As the housing does not have flat bottom inside, I had to make a plate to mount the amplifier on to. This also removes the need for any screws protruding out the bottom of the housing which might affect the weather proofing of the housing.
Here is the amplifier mounted in the housing complete with it's connectors. I decided to have both the power and the signal wires easily removable. Trying to unscrew them from the top connection block was too much of a pain. However the antenna connection is still a screw connection, due to the signal strength, we need very bit, without losses through connectors. The power is supplied via a 4 pin mini din plug/socket (on the right) and the signal via a 3.5mm stereo jack/plug/socket (on the left). From this picture you can see the larger cable gland for the power connector on the right.
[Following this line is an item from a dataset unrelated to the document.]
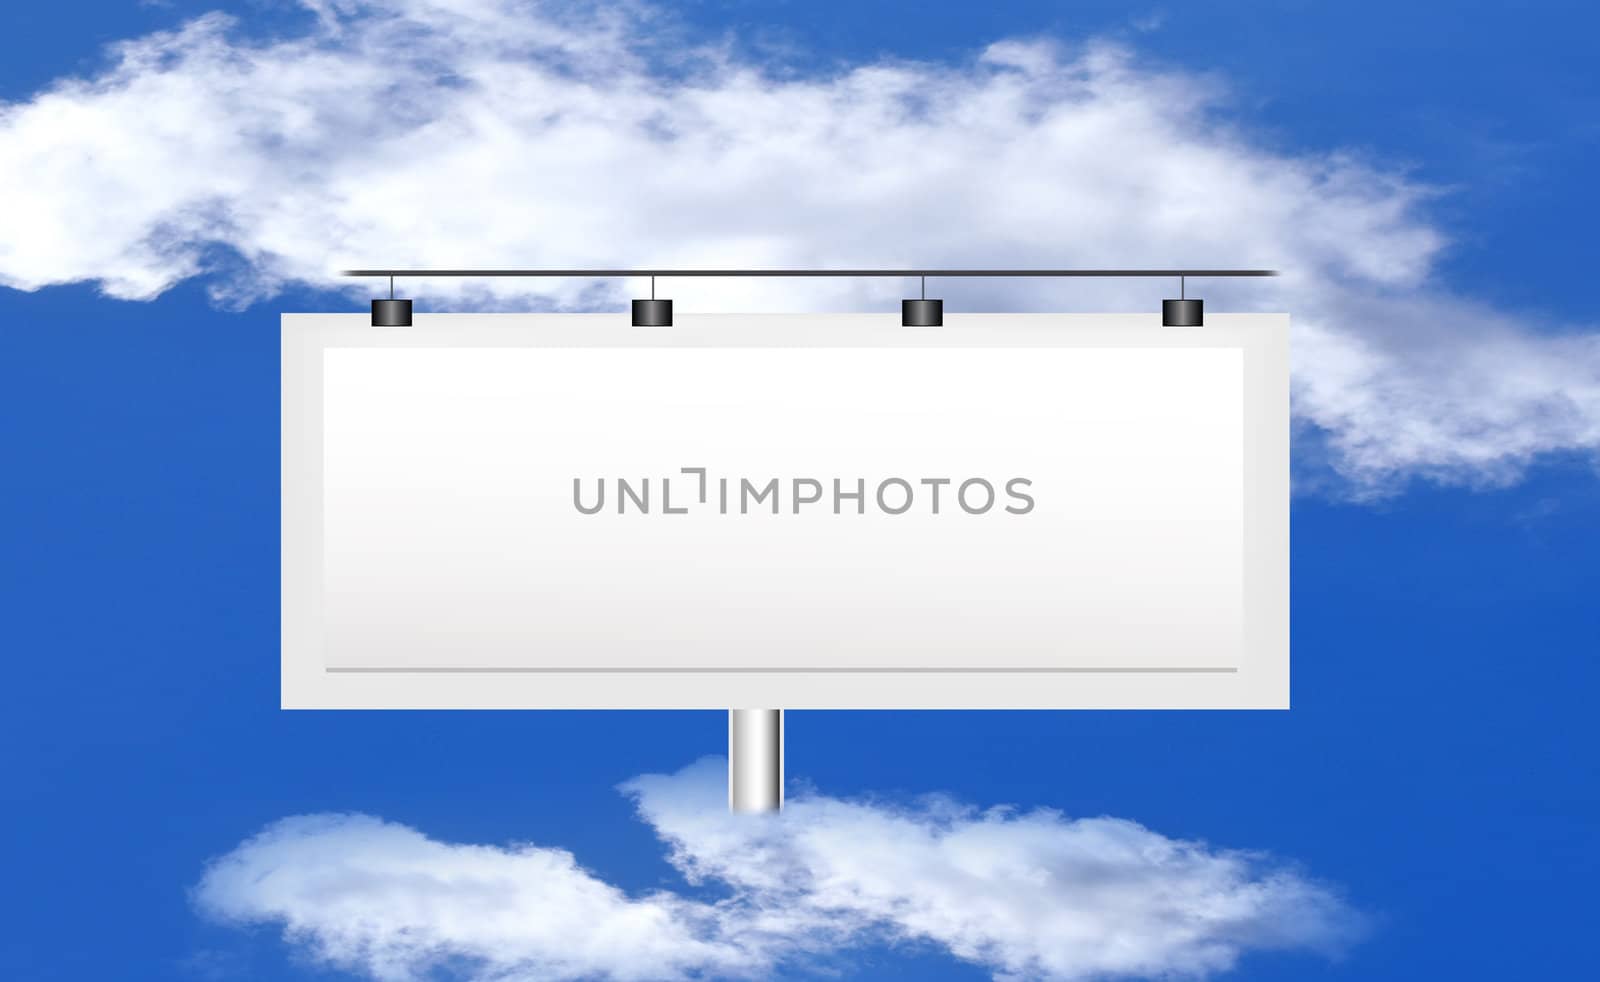 Publicity board against the bright blue cloudy sky by sergey150770SV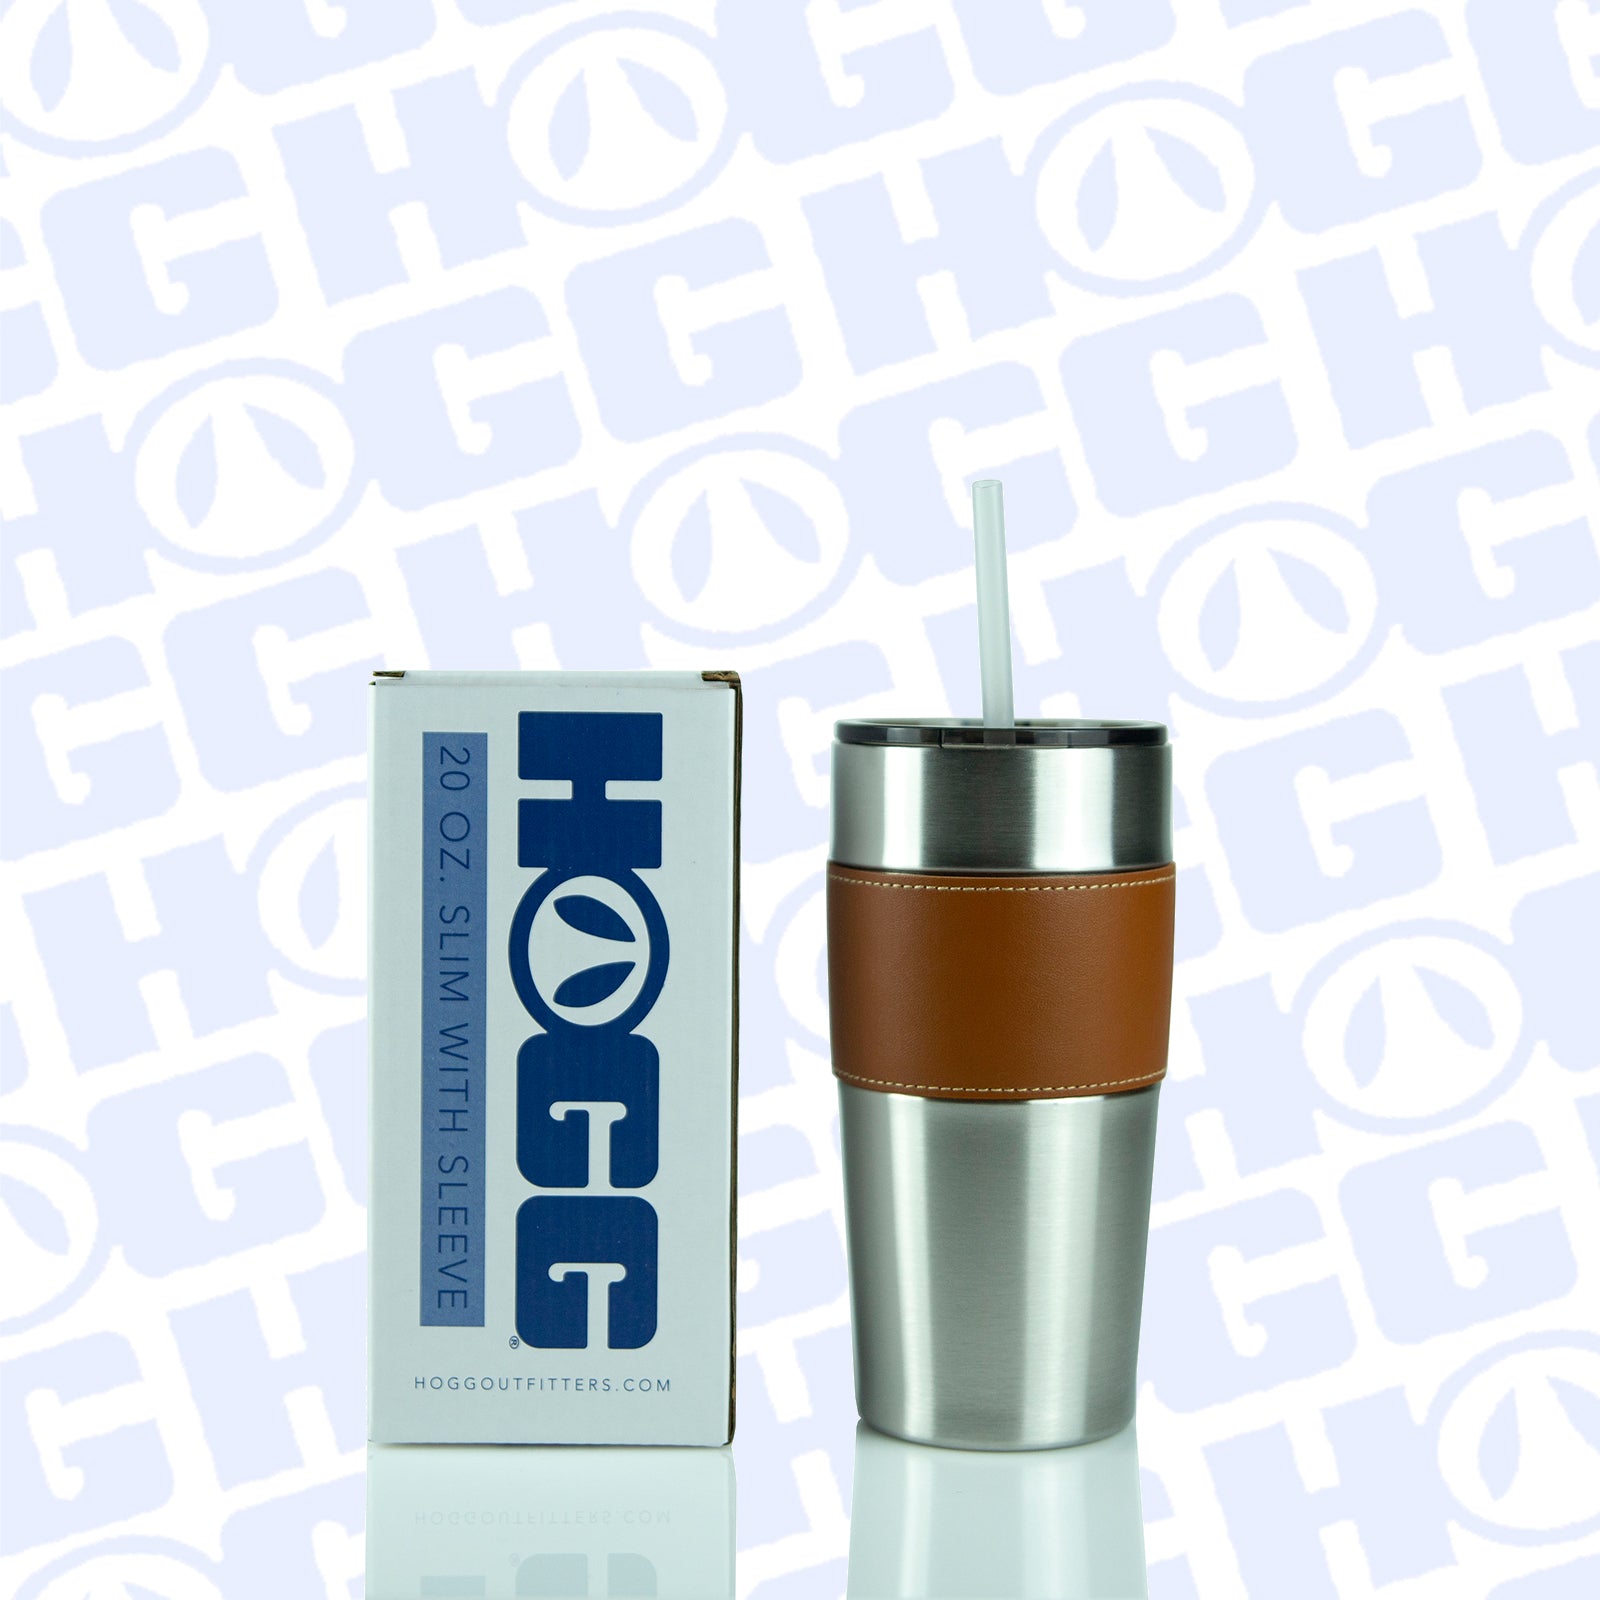 Hogg Outfitters 20oz Modern Twist W/Lid Tumbler Stainless Steel Insulated

Here is the amplifier attached to all its cables! You might notice that the power and audio sockets have moved, It made more sense to have them on these sides once I got it installed.
My test antenna, in all it's glory, (well, Christmas Tree Pot!) Antenna version 2.0 is on the way.. a much better design.. information to follow....
The PSU for the amplifier is housed in a separate case indoors, away for the nasty weather and where the magnetic influence it has, as far away as possible from the amplifier. I have fitted it with two fuses, one for the positive supply and one for the negative supply, just in-case someone cuts the cable going up to the amplifier. I used simple Cat5e stranded cable for the low voltage supply. I tried to get 3 core low voltage/low current cable, to no avail, only chunky mains cable. The Cat5e is plentiful and cheap.

A back view of the Amplifier PSU, again as the low voltage, so is the mains fused.
The front of the PSU has the mini din socket for the low voltage supply for the amplifier. The LEDs are, one for the positive supply, one for the negative supply and the last is a changing colour LED to show that the supply before the fuses is on, as the positive and negative LEDs go out when the associated fuse blows.